Wat trekt mensen aan in een horloge met maar 1 wijzer waar je de tijd amper op kunt lezen?

Antwoord: persoonlijke smaak ;-) Ik heb duikermodellen en een Luch 1 hands horloge en heb ze net als al mijn horloges gekocht omdat ik ze mooi vond. Voor de duikers vind ik vooral de stoerdere designs leuk en de bezel om dingen te timen is ook handig. Andere dagen draag ik een elegante dresswatch.


----------



## T_I

Oldheritage said:


> Wat trekt mensen aan in een horloge met maar 1 wijzer waar je de tijd amper op kunt lezen?


Is anders dan anders, lekker apart. (en heb jij haast? ;-) )



Oldheritage said:


> Antwoord: persoonlijke smaak ;-) Ik heb duikermodellen en een Luch 1 hands horloge en heb ze net als al mijn horloges gekocht omdat ik ze mooi vond. Voor de duikers vind ik vooral de stoerdere designs leuk en de bezel om dingen te timen is ook handig.

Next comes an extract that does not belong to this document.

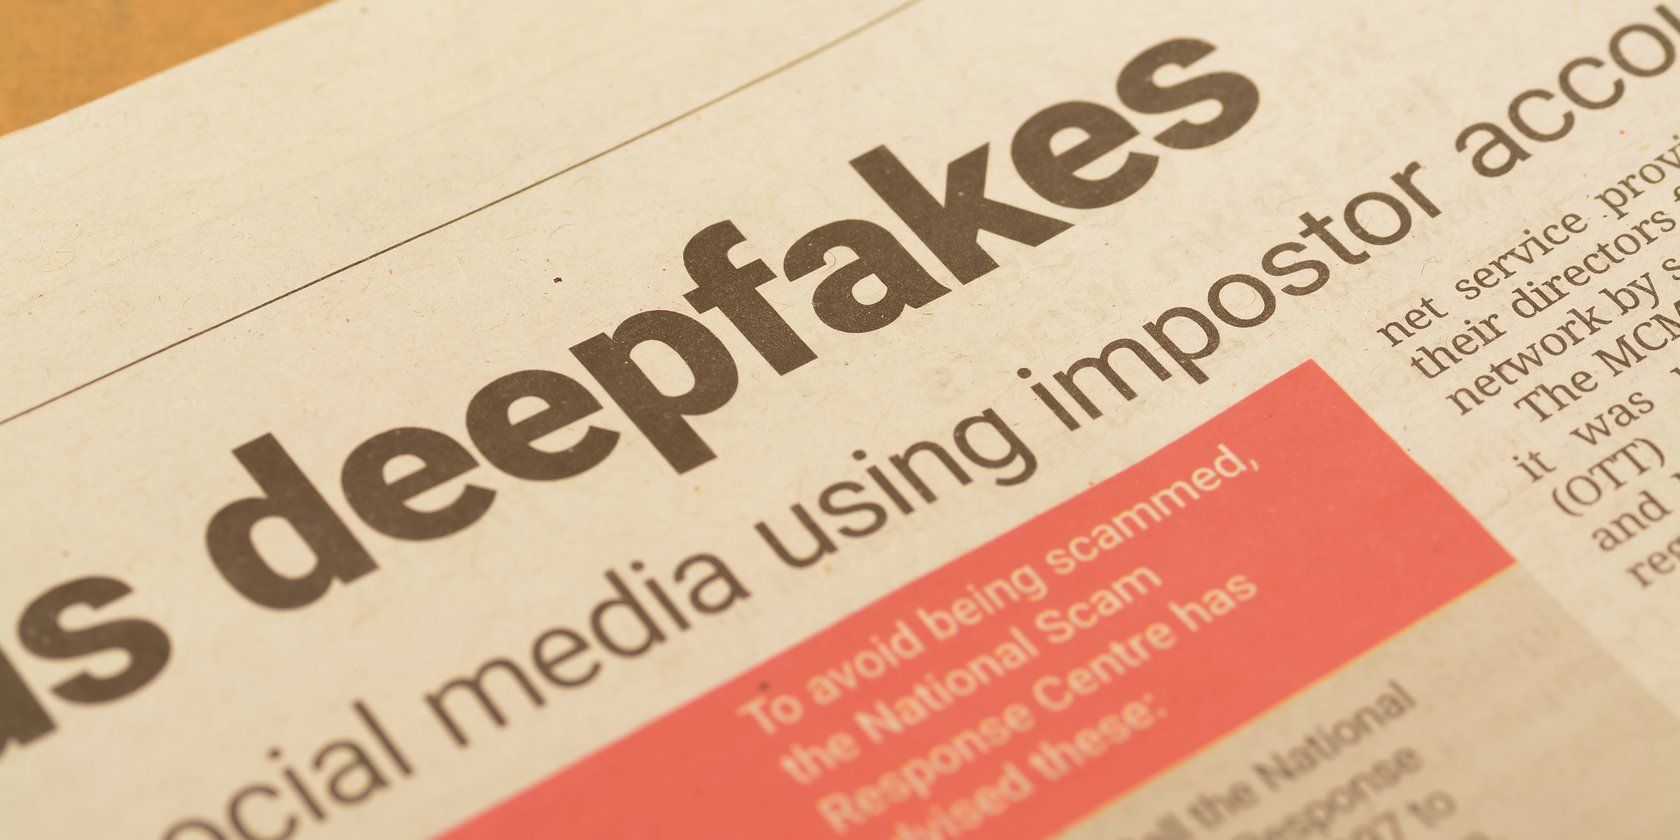 A news report about deepfakes

Andere dagen draag ik een elegante dresswatch.


 Ik vind de dikke rand van een duiker de wijzerplaat zo klein maken. (maar dat is persoonlijk) Het viel me alleen op dat de duikers wel erg favoriet zijn onder horloge verslaafden.


----------



## Oldheritage

Klopt wel hoor, door de bezel zien ze er vaak wat kleiner en "dikker" uit. Ik persoonlijk heb geen thema en mijn collectie gaat dan ook alle kanten op. Ik merk wel dat ik redelijk wat duikers bezit omdat ik een fan ben van Vostok, die dan weer een erg dunne bezel gebruiken. 

Ik heb net een fluorecerend oranje Vostok duiker gekocht (die helaas een service nodig heeft, gebouwd in 2006 en nooit gebruikt...) die ook best appart is ;-)


----------



## U R a Bus

Nog wat foto's?


----------



## Bidle

Erg gaaf!! Vind die Sinn rechtsboven erg mooi, zou ik weleens in het echt willen zien. 

enne bedankt voor de mooie foto's!|>


----------



## 104RS

T_I said:


> Leuke foto's, de horloges links onder, rechts boven vind ik wel geinig.
> 
> Ik vraag me steeds meer en meer af wat mensen nou aantrekt in de diver (achtige) horloges. (met zo'n dikke rand om de wijzerplaat)


Duikers zijn gewoon gaaf, niet alles is logisch te verklaren. Met name vintage duikers hebben een onverklaarbare aantrekkingskracht op mij.
Een combinatie van vaak aparte designs/kleuren/robuustheid maken ze voor mij leuker dan "normale" horloges.

Mijn verzameling is dan ook niet bepaald in evenwicht, ongeveer 80% van mijn horloges zijn (vintage) duikers ;-)


----------



## T_I

104RS said:


> Duikers zijn gewoon gaaf, niet alles is logisch te verklaren. Met name vintage duikers hebben een onverklaarbare aantrekkingskracht op mij.
> Een combinatie van vaak aparte designs/kleuren/robuustheid maken ze voor mij leuker dan "normale" horloges.


 Kijk, als je het niet kan verklaren dan zit je goed. Ik vind duikers (met al het duiker geweld dat ik op de fora zie) eigenlijk al normaal en alles zonder zo'n rand apart.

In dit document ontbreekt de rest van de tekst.